• **Work order**
The result should be every line in the data below that carries the string "White".

• **Records for processing**

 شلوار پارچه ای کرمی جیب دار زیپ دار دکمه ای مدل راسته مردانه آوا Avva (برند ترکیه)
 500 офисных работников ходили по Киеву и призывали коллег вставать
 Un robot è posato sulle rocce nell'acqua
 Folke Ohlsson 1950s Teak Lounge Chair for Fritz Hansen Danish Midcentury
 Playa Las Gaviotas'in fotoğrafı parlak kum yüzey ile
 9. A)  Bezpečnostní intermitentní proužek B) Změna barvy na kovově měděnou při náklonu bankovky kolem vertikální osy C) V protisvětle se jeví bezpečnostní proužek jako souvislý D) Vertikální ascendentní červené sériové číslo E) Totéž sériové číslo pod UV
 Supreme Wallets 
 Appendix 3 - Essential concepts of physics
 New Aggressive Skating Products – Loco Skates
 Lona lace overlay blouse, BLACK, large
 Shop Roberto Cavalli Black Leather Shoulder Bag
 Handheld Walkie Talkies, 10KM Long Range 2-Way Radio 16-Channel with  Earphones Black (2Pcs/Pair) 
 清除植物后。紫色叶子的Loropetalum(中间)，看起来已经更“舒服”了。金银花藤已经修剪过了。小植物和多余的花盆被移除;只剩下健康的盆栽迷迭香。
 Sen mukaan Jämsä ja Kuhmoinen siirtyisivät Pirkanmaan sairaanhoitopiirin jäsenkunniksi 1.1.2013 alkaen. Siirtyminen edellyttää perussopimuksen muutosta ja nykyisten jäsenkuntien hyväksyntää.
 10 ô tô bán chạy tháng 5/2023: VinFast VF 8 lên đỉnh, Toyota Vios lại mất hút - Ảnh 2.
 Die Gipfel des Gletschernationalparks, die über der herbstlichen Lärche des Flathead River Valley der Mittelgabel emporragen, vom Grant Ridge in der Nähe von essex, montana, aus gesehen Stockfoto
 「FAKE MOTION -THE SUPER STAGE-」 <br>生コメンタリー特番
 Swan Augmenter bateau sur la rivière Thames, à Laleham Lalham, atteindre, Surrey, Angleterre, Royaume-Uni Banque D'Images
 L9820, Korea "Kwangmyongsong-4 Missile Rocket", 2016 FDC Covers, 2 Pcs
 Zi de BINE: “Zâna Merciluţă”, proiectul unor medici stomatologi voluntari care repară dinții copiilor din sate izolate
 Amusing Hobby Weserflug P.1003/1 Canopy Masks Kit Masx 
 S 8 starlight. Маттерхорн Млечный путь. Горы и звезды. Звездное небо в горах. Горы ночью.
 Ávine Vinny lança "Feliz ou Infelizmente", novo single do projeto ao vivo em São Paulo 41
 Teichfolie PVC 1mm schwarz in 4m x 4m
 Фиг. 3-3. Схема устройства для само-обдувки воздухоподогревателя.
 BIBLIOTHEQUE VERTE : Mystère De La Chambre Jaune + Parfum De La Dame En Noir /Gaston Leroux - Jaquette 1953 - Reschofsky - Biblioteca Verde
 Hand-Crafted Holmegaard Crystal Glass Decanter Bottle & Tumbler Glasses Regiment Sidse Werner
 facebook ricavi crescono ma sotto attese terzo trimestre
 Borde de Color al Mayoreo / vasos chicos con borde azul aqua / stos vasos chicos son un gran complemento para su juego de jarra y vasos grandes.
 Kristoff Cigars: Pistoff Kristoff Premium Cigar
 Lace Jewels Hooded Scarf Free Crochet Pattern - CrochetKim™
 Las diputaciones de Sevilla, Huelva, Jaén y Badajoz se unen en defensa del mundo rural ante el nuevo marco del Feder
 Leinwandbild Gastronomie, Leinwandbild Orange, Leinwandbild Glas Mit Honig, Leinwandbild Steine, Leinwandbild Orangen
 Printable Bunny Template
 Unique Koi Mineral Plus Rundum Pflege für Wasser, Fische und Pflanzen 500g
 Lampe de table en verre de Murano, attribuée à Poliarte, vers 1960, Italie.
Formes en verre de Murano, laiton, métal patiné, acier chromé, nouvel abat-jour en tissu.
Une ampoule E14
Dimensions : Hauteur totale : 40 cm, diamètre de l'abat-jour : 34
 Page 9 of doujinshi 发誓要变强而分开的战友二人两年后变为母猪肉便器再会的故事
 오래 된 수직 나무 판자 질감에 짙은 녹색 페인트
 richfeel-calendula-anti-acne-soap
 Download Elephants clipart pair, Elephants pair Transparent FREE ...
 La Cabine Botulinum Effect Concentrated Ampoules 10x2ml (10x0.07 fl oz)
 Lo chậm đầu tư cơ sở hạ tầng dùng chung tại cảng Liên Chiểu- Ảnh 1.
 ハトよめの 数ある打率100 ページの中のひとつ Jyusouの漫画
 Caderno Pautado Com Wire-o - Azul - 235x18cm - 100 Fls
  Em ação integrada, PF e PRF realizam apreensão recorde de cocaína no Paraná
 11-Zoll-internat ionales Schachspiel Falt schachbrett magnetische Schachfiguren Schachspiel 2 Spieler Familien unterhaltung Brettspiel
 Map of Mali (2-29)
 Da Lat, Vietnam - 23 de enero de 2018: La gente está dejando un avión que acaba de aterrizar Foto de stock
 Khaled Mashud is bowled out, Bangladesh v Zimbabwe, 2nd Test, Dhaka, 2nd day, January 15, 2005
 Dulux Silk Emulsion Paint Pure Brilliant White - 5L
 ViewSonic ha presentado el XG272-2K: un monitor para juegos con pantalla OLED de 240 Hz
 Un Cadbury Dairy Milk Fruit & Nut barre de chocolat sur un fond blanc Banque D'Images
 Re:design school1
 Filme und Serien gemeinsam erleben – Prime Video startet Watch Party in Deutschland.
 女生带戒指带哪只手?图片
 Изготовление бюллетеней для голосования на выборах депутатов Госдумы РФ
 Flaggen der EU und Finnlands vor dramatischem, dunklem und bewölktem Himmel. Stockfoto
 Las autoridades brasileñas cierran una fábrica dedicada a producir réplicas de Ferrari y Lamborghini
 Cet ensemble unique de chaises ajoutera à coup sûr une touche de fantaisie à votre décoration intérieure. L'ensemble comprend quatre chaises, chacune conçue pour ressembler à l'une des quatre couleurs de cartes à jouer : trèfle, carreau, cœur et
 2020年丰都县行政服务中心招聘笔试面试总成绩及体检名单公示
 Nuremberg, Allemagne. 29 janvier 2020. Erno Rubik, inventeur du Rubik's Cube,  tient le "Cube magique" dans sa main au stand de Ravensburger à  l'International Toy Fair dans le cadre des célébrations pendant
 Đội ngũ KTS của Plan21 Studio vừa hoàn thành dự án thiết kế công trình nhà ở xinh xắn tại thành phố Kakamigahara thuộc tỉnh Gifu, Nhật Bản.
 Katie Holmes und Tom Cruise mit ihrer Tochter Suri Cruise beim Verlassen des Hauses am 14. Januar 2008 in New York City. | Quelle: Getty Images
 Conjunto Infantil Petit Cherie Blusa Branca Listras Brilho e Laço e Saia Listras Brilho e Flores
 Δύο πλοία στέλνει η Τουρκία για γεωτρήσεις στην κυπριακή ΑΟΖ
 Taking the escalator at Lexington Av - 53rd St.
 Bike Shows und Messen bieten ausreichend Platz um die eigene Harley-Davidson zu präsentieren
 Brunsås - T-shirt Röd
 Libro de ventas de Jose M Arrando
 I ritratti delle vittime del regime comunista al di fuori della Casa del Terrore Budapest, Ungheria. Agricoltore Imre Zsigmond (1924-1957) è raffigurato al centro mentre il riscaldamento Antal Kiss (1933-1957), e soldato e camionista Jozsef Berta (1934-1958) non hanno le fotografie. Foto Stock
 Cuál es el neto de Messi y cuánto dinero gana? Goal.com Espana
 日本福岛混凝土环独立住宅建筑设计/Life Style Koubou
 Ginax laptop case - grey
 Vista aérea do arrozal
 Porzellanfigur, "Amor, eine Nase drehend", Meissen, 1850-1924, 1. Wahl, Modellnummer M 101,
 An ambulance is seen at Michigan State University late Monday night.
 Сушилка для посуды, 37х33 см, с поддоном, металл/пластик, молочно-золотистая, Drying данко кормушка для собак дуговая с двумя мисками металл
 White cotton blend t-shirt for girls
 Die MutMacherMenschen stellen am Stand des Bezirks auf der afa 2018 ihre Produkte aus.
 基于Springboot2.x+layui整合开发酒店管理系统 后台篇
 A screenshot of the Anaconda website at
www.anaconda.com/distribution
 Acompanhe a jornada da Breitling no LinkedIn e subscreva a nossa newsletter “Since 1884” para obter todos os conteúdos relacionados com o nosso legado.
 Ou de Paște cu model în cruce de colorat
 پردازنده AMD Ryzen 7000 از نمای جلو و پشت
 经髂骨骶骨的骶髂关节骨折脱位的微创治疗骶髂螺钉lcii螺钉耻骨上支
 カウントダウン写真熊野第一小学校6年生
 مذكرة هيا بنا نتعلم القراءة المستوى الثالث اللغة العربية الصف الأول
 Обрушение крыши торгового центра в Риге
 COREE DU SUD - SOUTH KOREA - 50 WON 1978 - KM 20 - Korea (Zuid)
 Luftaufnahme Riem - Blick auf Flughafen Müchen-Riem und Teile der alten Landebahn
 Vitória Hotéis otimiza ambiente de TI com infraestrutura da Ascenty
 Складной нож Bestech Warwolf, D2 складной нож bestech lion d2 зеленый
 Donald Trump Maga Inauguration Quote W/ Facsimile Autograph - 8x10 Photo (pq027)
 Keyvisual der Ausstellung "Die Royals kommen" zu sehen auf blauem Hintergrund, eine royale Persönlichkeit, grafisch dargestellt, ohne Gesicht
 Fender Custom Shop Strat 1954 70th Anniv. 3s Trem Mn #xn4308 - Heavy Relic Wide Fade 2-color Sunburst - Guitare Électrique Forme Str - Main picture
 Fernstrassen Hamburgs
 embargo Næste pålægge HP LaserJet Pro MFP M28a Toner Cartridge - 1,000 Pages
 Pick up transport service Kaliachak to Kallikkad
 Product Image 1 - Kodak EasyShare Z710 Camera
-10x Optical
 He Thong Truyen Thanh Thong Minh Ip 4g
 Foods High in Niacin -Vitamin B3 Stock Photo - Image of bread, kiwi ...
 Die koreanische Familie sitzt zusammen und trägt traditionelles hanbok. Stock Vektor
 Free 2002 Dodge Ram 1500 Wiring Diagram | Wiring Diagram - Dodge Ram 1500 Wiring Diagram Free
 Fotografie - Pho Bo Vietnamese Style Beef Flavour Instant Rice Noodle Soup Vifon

• **Response area**
 Dulux Silk Emulsion Paint Pure Brilliant White - 5L
 White cotton blend t-shirt for girls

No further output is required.